Bibel dient als Grundlage für ein bahnbrechendes Übersetzungs- Programm

Ein junger deutscher Wissenschaftler sorgt zurzeit in den USA für Aufsehen. Franz Josef Och, Informatiker an der University of Southern California in Los Angeles, hat ein bahnbrechendes Computerprogramm entwickelt, das Texte selbständig und in kürzester Zeit von jeder beliebigen Sprache in eine andere übersetzen kann. Neben modernster Technologie spielt dabei auch die Bibel eine entscheidende Rolle.
Franz Josef Och.

„Wir sagen dem Computer nicht, wie er übersetzen soll. Wir lassen ihn das einfach selbst lernen", fasste Och kürzlich im „Spiegel" das Prinzip seiner Software zusammen. Sie kommt, anders als die meisten bisherigen Übersetzungsprogramme, ganz ohne linguistische Regeln aus.
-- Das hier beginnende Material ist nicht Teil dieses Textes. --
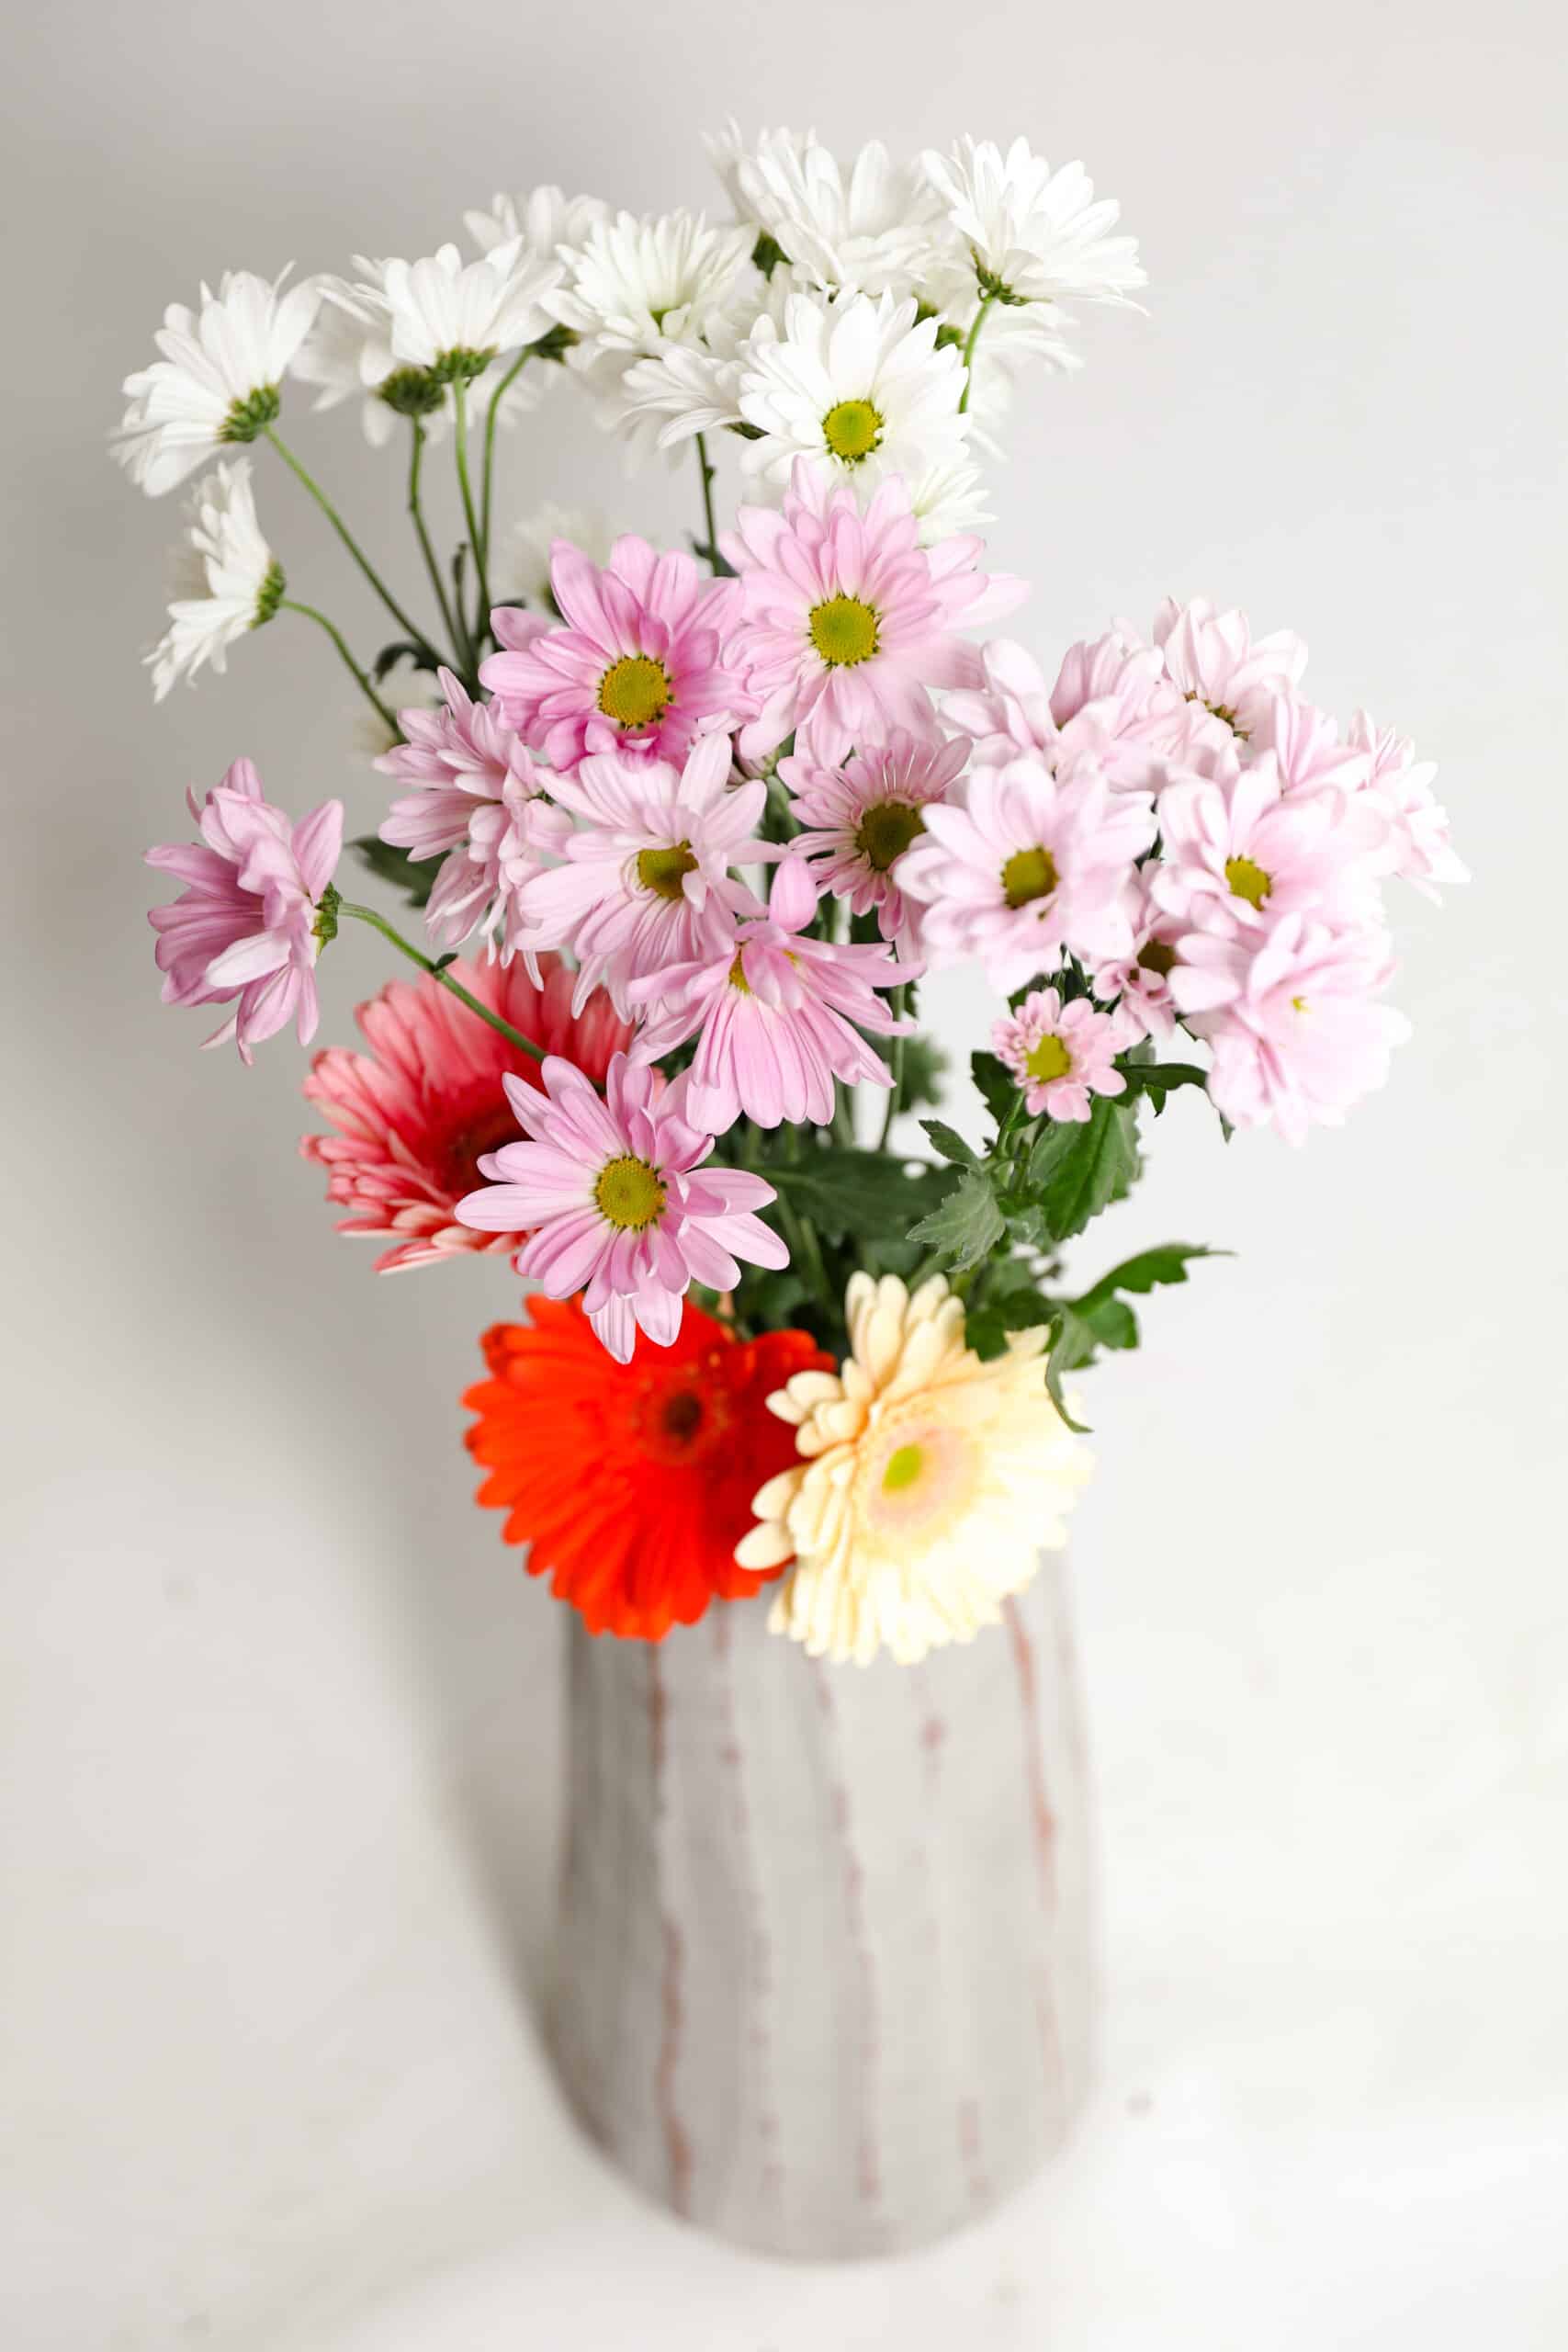 Daisies and Gerbera daisies in a vase

Satzbau und Grammatik werden von ihr völlig ignoriert. „Wir verwenden Modelle aus der Statistik, um für ein vorgegebenes Wort die wahrscheinlichste Übersetzung zu finden", erklärt der 31-Jährige.

Die von ihm eingesetzte Methode der statistischen Übersetzung lässt sich anhand eines einfachen Beispiels veranschaulichen: Auf Englisch heisst grosses Haus „big house". Grünes Haus bedeutet „green house". Daraus leitet der Computer ab, dass „house" Haus, „big" gross und „green" grün heissen muss.
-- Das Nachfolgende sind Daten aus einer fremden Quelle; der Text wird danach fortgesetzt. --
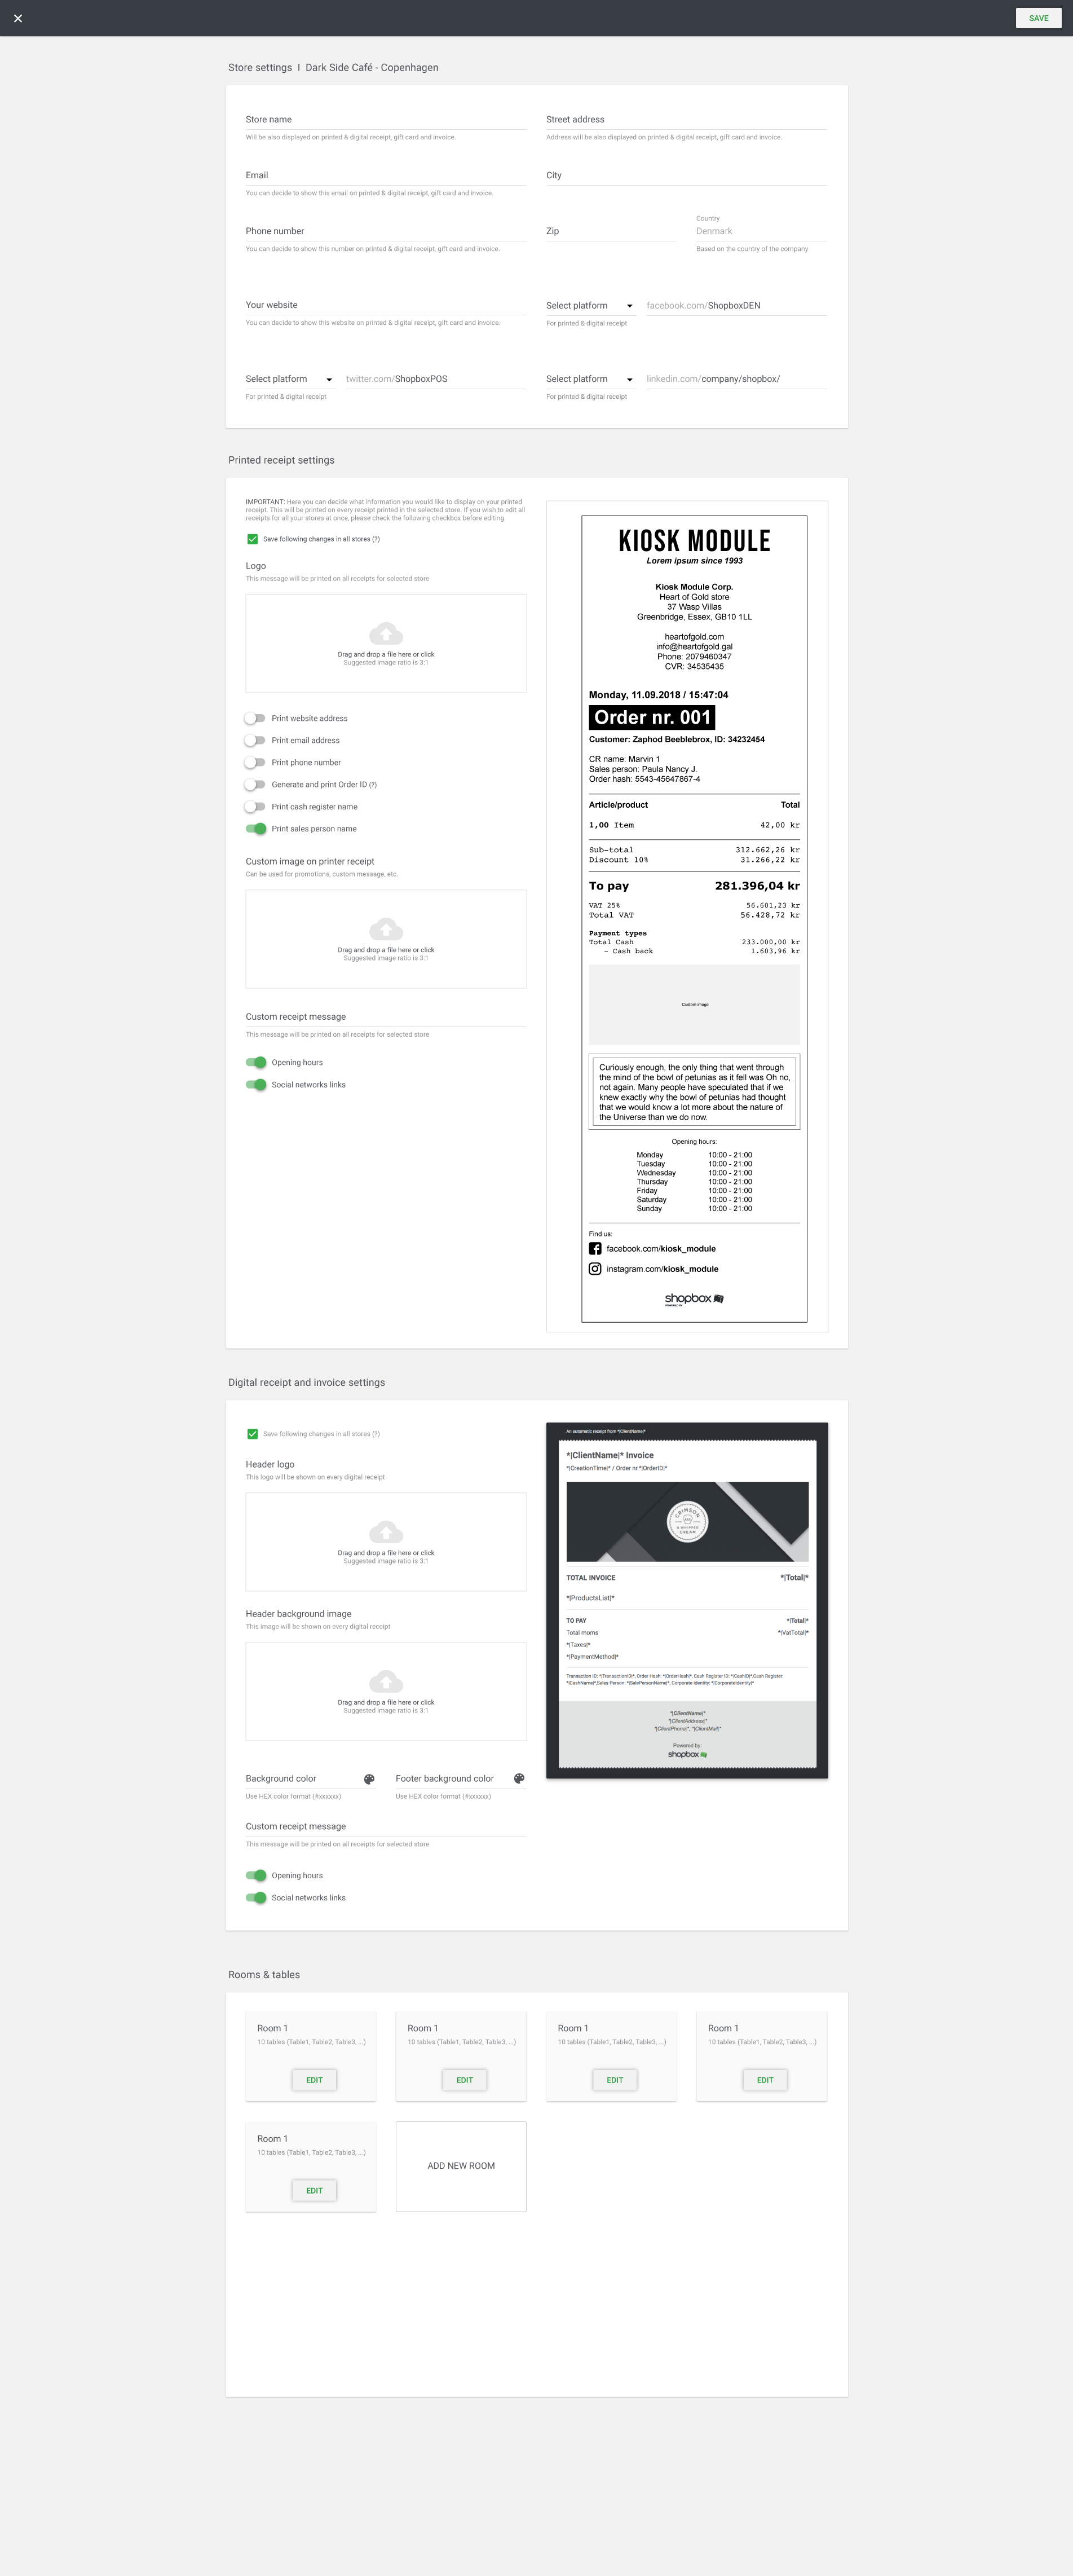 Store settings, printed and digital receipt - edit mode (Designed by Frederik Smal)

Was so simpel klingt, ist tatsächlich ein hoch komplizierter Vorgang, der vor wenigen Jahren noch undenkbar schien, heute aber dank immer leistungsstärkerer und schnellerer Computer möglich ist. Dabei wird der Rechner mit identischen Texten in zwei verschiedenen Sprachen gefüttert – so genannten Paralleltexten – die dann automatisch Wort für Wort verglichen, statistisch ausgewertet und entschlüsselt werden.

Je umfangreicher der Fundus an Paralleltexten, um so genauer das Ergebnis: Riesige Textmengen von mehreren Millionen Wörtern sind keine Seltenheit. Doch hat sich das Programm eine Sprache erst einmal angeeignet, benötigt es für die Übersetzung einer DIN-A4-Seite kaum länger als eine Minute.

Bibel als Ausgangspunkt

Vor allem Handbücher, Meldungen internationaler Nachrichtenagenturen oder Veröffentlichungen der UNO und der EU kommen als Paralleltexte in Frage. Wichtigster Paralleltext aber ist die Bibel – kein anderes Buch wurde bisher öfter übersetzt und in grösserer Zahl gedruckt. Mit ihren rund 800.000 Wörtern bietet die Bibel genügend Ausgangsmaterial für viele Übersetzungsaufgaben. „Die Bibel ist hilfreich für Sprachen, in denen keine oder kaum weitere Paralleltexte zur Verfügung stehen", berichtet Och. „Genutzt habe ich sie bisher insbesondere für Cebuano und Hindi."

Letztere, die Übersetzung auf Hindi, stellte einen Meilenstein in der Karriere des Franken dar, der erst vor gut einem Jahr von der Universität Aachen nach Los Angeles kam: Im Juni 2003 nahm Och an einem Wettbewerb des US-Verteidigungsministeriums teil, bei dem ein fremdsprachiger Text per Computer ins Englische übersetzt werden musste. Er bewältigte diese Aufgabe in der Rekordzeit von nur vier Wochen und liess damit alle seine Konkurrenten weit hinter sich.

Inzwischen beherrscht sein Computer 15 Sprachen, darunter Arabisch und Chinesisch. Die Übersetzungen sind zwar meist holprig und werden literarischen Ansprüchen kaum gerecht, erfüllen aber ihren Zweck. Zu Ochs Auftraggebern gehören die Forschungsorganisation des Pentagon sowie der amerikanische Abhör- und Spionagedienst NSA (National Security Agency).